■ Activity
Among the entries below, extract exactly the lines that run from the one with "Alles Gute Zum" through the one with "Pineapple Slicer and Corer-362841", both ends included.

■ Data section
□ □ □ □ □

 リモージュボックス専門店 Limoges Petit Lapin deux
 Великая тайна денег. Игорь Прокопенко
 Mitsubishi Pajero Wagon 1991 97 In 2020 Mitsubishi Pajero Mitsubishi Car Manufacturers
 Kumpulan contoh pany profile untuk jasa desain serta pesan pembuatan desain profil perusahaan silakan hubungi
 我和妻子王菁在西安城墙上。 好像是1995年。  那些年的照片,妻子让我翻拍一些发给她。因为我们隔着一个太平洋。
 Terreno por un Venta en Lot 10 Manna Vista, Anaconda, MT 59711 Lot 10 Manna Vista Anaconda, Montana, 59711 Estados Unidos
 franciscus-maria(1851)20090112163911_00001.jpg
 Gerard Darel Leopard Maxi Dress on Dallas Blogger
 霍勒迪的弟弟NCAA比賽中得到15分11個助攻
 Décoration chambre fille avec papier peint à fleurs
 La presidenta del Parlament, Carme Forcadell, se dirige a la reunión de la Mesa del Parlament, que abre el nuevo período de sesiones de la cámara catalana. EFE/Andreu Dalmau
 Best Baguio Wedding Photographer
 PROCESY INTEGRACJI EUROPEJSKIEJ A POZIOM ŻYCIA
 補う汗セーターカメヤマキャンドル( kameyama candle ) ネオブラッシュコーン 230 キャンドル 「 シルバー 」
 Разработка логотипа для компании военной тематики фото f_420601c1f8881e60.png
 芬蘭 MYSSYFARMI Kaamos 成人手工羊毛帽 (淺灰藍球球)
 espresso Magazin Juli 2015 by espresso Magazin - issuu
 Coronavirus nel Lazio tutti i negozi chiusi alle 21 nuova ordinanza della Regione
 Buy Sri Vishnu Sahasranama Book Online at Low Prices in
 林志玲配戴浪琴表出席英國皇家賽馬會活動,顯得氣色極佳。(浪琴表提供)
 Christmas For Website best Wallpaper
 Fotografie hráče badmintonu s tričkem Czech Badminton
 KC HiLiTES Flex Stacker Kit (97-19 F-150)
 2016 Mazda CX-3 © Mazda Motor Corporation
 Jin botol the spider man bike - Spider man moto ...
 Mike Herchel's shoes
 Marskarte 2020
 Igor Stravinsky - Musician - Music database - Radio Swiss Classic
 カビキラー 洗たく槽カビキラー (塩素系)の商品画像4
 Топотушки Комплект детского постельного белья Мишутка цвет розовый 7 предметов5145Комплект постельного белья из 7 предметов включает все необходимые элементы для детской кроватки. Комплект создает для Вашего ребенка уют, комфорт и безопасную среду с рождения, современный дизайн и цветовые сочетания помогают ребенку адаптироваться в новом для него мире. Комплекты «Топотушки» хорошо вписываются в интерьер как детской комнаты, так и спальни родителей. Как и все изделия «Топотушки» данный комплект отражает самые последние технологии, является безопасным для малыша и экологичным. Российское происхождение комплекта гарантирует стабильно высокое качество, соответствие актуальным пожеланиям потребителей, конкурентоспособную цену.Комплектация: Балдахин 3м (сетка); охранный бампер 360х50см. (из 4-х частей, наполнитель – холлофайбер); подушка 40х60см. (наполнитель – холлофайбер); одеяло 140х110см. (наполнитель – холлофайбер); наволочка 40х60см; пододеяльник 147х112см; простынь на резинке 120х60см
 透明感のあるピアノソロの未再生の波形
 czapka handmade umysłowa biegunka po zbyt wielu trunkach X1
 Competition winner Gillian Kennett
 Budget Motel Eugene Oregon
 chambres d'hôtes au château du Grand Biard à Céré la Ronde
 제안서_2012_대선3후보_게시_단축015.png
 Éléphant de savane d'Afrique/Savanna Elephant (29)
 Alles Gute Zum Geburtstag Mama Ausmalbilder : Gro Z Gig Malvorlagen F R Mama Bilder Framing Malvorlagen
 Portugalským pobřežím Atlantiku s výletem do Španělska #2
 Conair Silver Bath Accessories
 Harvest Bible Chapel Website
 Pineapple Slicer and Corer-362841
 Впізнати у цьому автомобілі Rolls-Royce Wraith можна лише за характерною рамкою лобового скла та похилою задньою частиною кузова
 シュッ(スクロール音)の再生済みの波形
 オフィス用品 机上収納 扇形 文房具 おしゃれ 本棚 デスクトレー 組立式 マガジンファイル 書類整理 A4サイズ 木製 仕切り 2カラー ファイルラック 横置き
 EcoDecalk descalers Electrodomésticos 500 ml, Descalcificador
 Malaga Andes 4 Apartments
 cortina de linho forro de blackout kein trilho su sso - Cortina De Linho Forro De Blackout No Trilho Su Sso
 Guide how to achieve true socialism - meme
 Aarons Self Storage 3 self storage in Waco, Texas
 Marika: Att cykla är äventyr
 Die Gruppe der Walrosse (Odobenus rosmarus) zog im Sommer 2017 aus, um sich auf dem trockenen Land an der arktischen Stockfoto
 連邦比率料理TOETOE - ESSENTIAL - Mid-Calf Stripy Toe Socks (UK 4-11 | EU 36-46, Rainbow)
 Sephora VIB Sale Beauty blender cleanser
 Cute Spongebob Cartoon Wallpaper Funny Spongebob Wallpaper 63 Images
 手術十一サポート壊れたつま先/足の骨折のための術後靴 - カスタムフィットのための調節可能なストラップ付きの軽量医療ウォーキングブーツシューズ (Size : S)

□ □ □ □ □

■ Written reply
 Alles Gute Zum Geburtstag Mama Ausmalbilder : Gro Z Gig Malvorlagen F R Mama Bilder Framing Malvorlagen
 Portugalským pobřežím Atlantiku s výletem do Španělska #2
 Conair Silver Bath Accessories
 Harvest Bible Chapel Website
 Pineapple Slicer and Corer-362841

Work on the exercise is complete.